Chocolate cake - Brownies

Ingredients 原料
  • 1+1/3 cup (150 g) all-purpose flour 通用面粉
  • 1+½ cup (330 g) sugar 砂糖
  • 4 tablespoons unsweetened cocoa powder 汤匙可可粉
  • 1 teaspoon baking powder茶匙發酵粉
  • 1 teaspoon vanilla extract茶匙香精
  • ¾ cup (170 g) butter奶油
  • 3 fl oz boiling water沸水
  • 3 eggs 蛋
  • 4 oz (120 g) chocolate chips 巧克力片
  • 5 oz (150 g) chopped walnuts or pecan nuts 胡桃
Frosting
  • 1/3 cup (75 g) butter
  • 8 oz (220 g) sweet or semisweet dark chocolate
  • 2 tablespoon light corn syrup
  • 2 tablespoon hot espresso or very strong coffee
Method 制作流程
  1. Preheat oven to 350F 烤箱预热.
  2. Line a 13 x 9 in (33 x 23 cm) cake tin with grease proof or other non-stick paper and grease the tin.

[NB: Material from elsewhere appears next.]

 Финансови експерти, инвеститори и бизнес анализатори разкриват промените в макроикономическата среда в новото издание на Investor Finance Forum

  3. Melt the butter in a saucepan.
  4. In a bowl combine flour, sugar, cocoa powder, baking powder and vanilla extract.
  5. Add eggs, melted butter and hot water and mix until smooth.

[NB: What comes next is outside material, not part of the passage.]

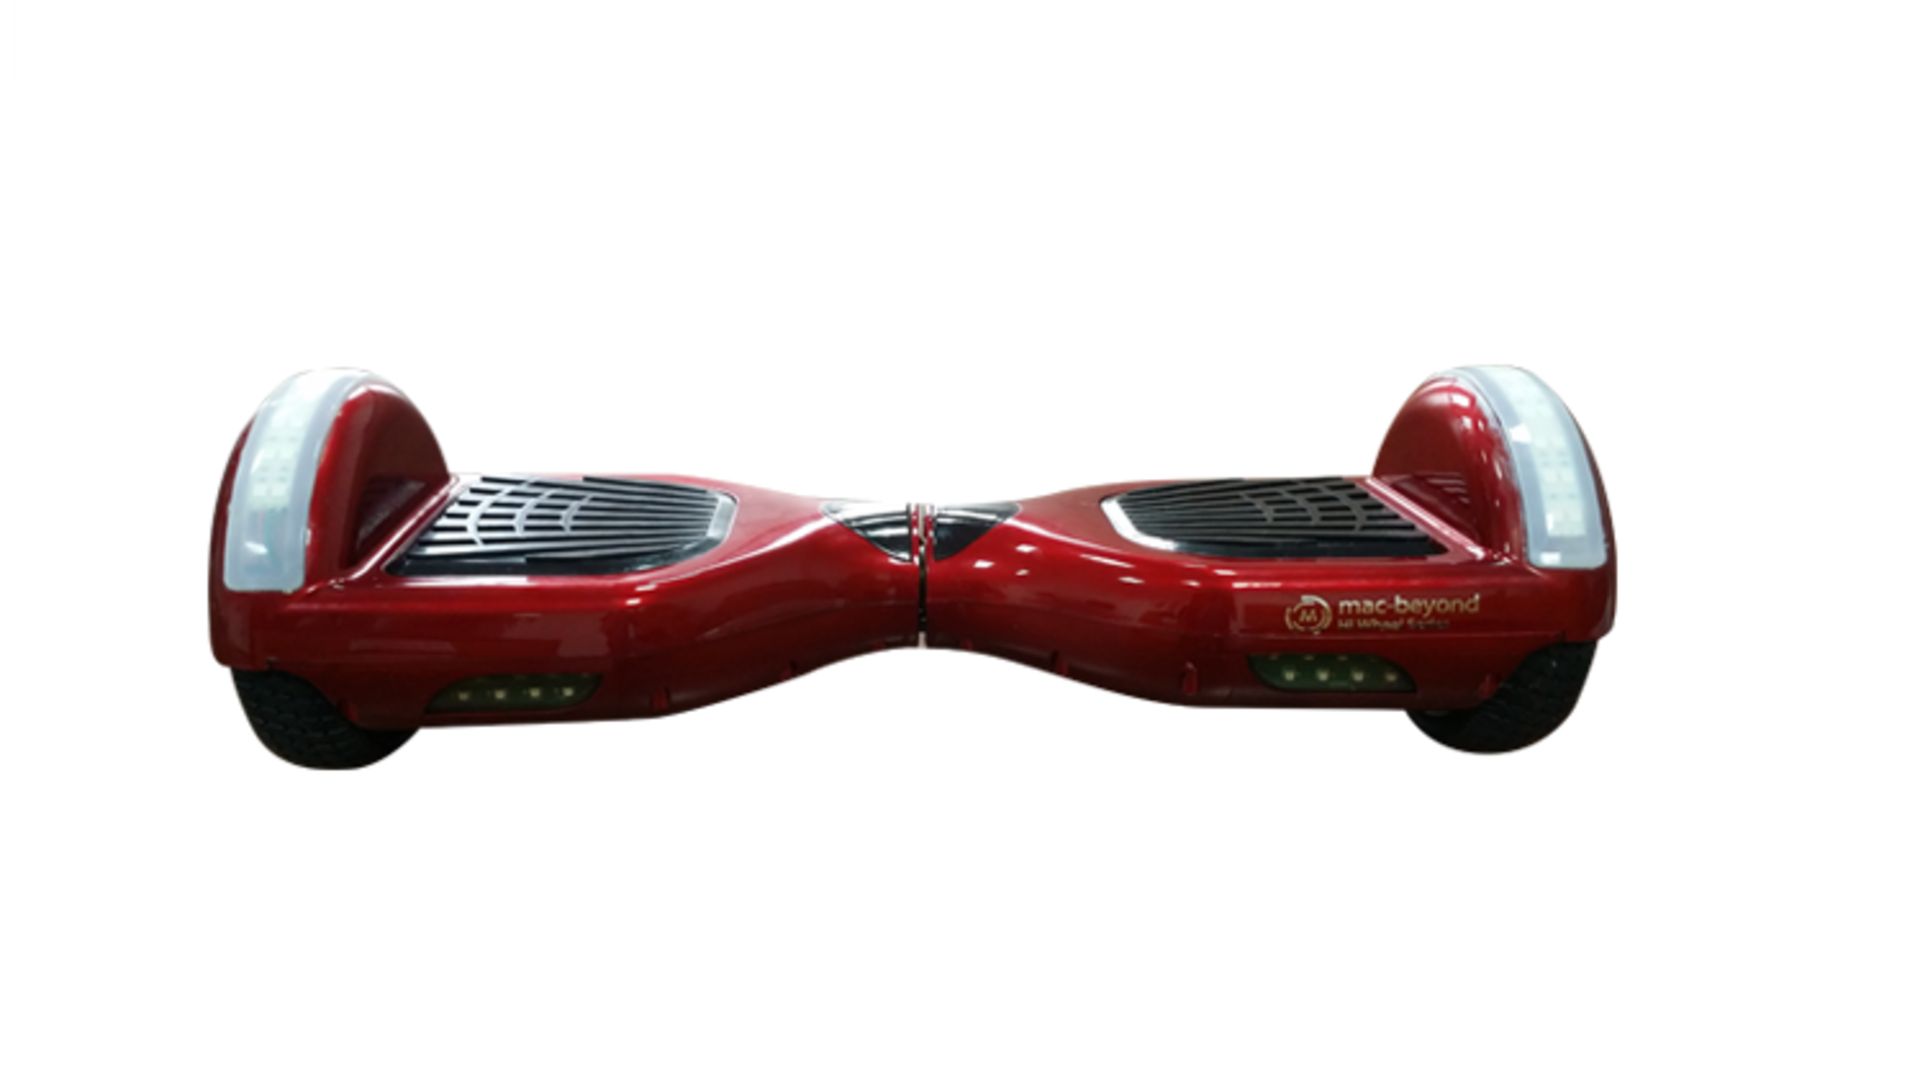 macbeyond x Hi wheel Series, Red Modelæ R2 LED (6.5 inch wheels, Best Seller) Smart personal - Image 2 of 8

  6. Add chocolate chips and nuts.
  7. Bake at 350 degrees F until a wooden pick inserted in center comes out clean, approximately 20-30 minutes.
  8. Cool the cake. Glace with the chocolate frosting.
  9. For the frosting, mix butter, chopped chocolate, syrup and coffee and heat in a double boiler until melted. Stir until smooth and spread over the cake.